Веселкин радостно подумал и об этой своей елочке, и о собственном сучке своей правды, и о себе самом, и о всем русском угнетенном народе, и о том, что на всех нас бросился свет правды безмерной, могучей и страшной…
«Если даже простая елка, – думал Веселкин, – столько лет должна была болеть и перестраивать теневые хвоинки на солнечные, то как же, переделываясь, должен болеть русский человек, чтобы вынести такой великий и страшный свет!»
Вспомнился и Антипыч, как он, указывая на солнце, говорил: «У них солнце, а у нас правда!»
Приходило все хорошее, все складывалось, все устраивалось так ладно в чистой совести раненого воина.
Или это он так выздоравливал? Скорей всего так, а то почему же его здоровая левая рука, самостоятельно и независимо от мечты о каком-то новом слове для всего света, явно пыталась выкрутить из листка отрывного календаря козью ножку. А уж когда больному курить захотелось – это бывает самый верный признак выздоровления.
Глава девятая
День весны света на севере в снегах сиял много ярче того, как он сияет на юге над темной землей. День сиял на радость и другого больного, лежащего недалеко от Веселкина.
Человек этот был такой большой, что длины койки ему не хватало, и ноги свои он то подгибал, то помещал, вытягиваясь, сверх стенки железной кровати.
Такой большой человек и немолодой, лет под шестьдесят, видно очень крепкий, мощный, теперь лежа внимательно глядел в одну точку, и глаза его, совсем детские и ясные, какие иногда бывают у больших людей, на досуге чему-то по-детски улыбались.
А это было, что он давно заметил, как Веселкин своей здоровой левой рукой начал что-то выкручивать из календарного листика. Простой человек легко мог догадаться о добрых мыслях соседа и потому, что мало-помалу ему становилась понятна цель кручения: пальцы здоровой руки делали козью ножку.

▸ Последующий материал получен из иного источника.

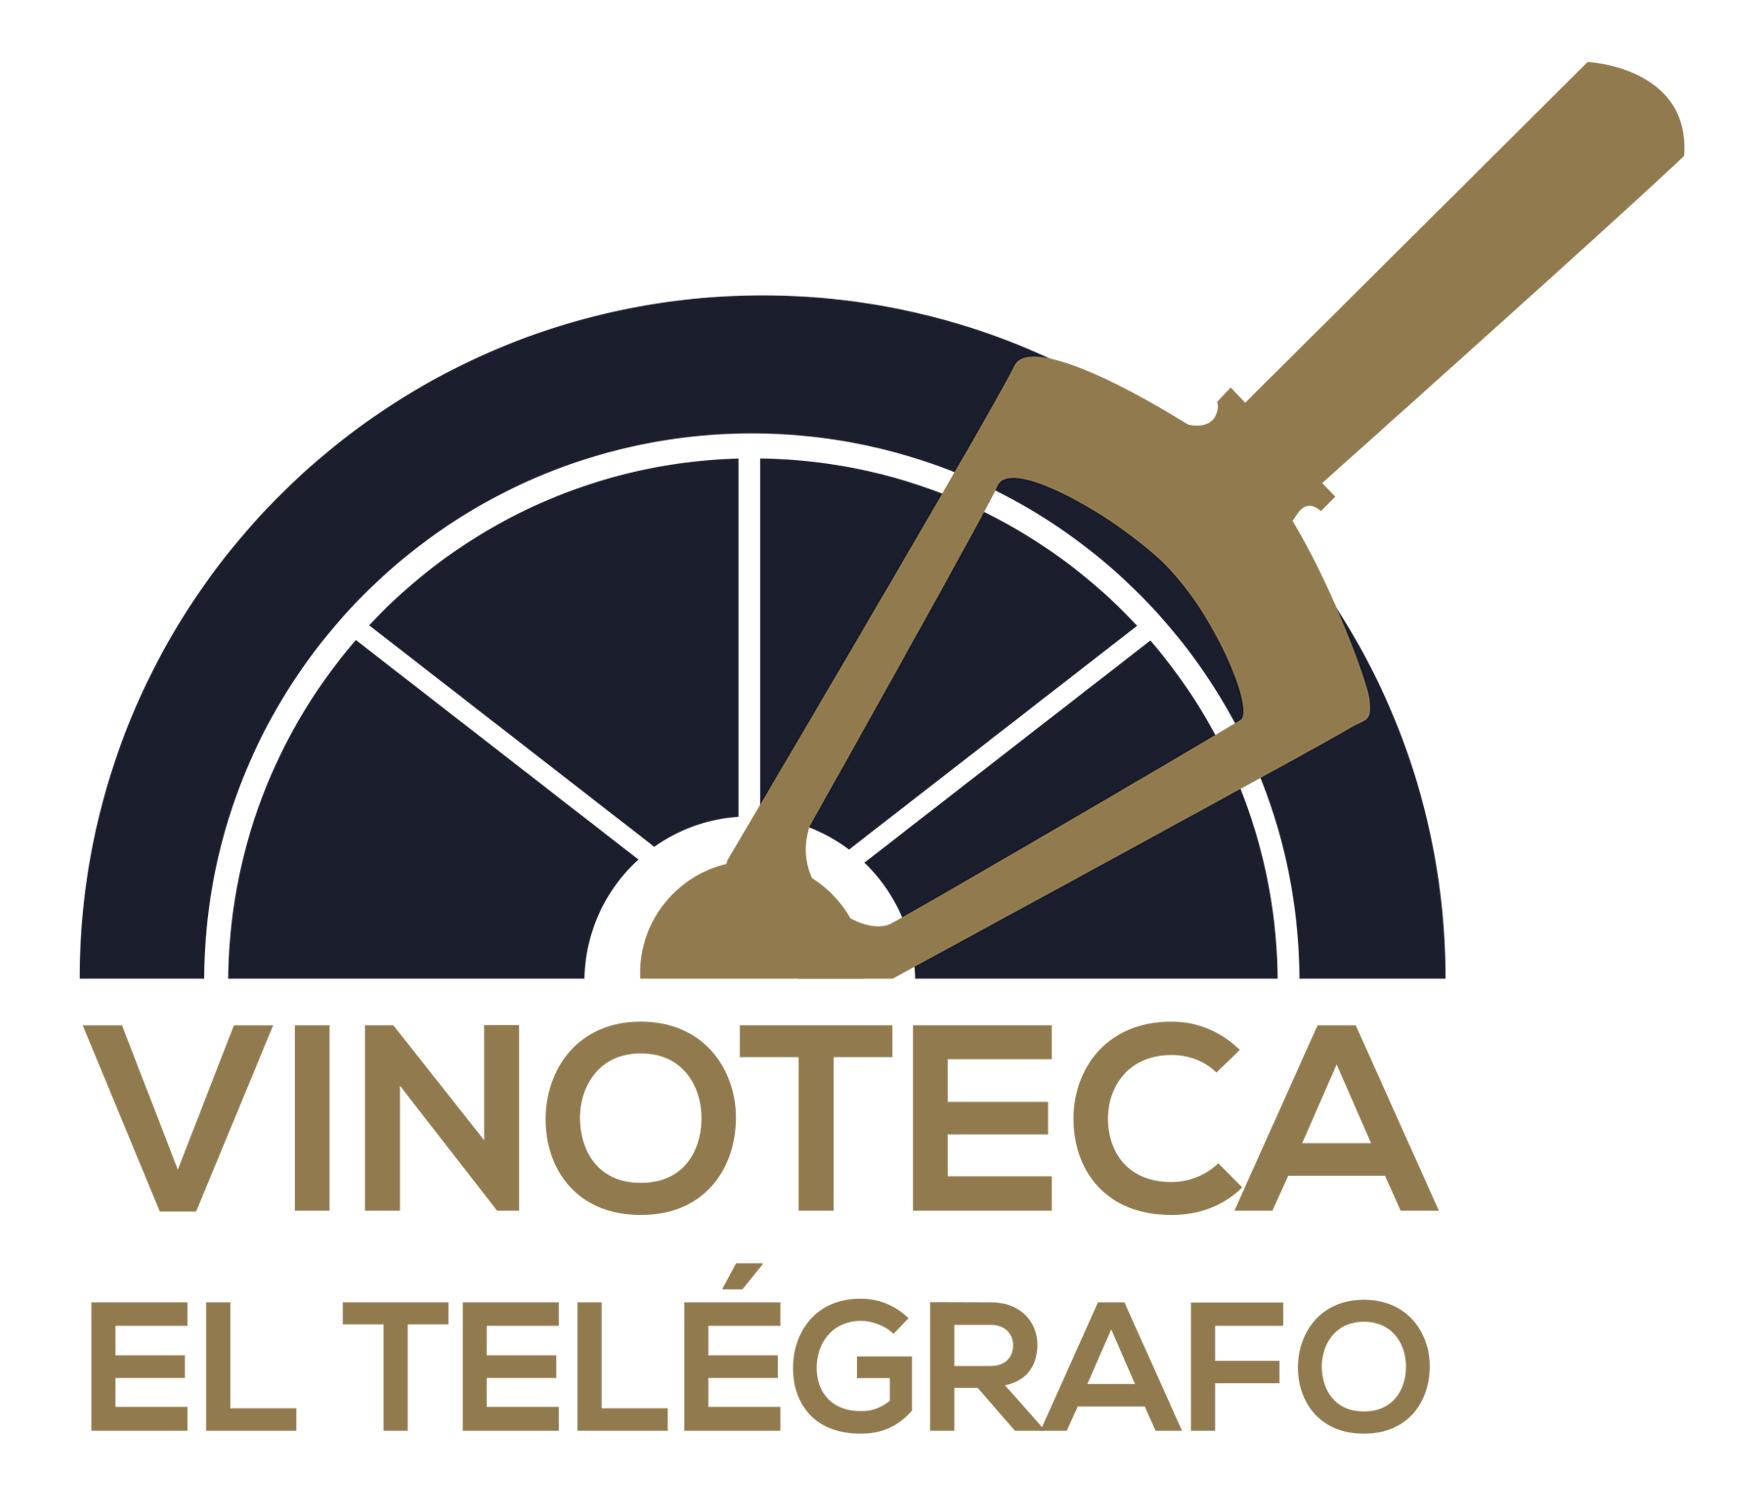 Vinoteca El Telégrafo

«Покурить захотел!» – понял большой человек, и тут-то он и стал следить за пальцами светящимся глазом и с детской улыбкой.
Кто не знает, что когда больному курить захотелось, то это значит то же самое, что жить захотелось.
Большой человек сочувствовал своему соседу. Видно, ему от души хотелось, чтобы больной сосед свернул козью ножку и, может быть, как-нибудь исхитрился и покурил.
Да и самому-то ему, наверное, захотелось с соседом покурить и побеседовать.
Не так легко, однако, было одной рукой свернуть папиросу. Раненый, о чем-то размышляя, здоровой рукой подносит бумажку к забинтованной руке с торчащими из-под белого бинта белыми бескровными пальцами с синими ногтями. Три пальца забинтованной руки – большой, средний и указательный – зашевелились и помогли здоровой руке скрутить козью ножку.
Вот тогда-то большой человек, уверенный, что дела у соседа пошли к лучшему, обратился к нему:
– Товарищ дорогой! Вижу, ты скрутил себе козью ножку. Может быть, ты знаешь, где бы нам с тобой можно было достать табачку и покурить?
Веселкину нельзя было повернуться, чтобы увидеть лицо соседа. Но по голосу он чувствовал друга и ответил ему:
– Очень бы хотел покурить, но можно ли? Мне и в голову не приходило покурить. Я думал совсем о другом. А рука это сама крутила. Видно, должно быть, и в руке тоже свой какой-то умишко живет.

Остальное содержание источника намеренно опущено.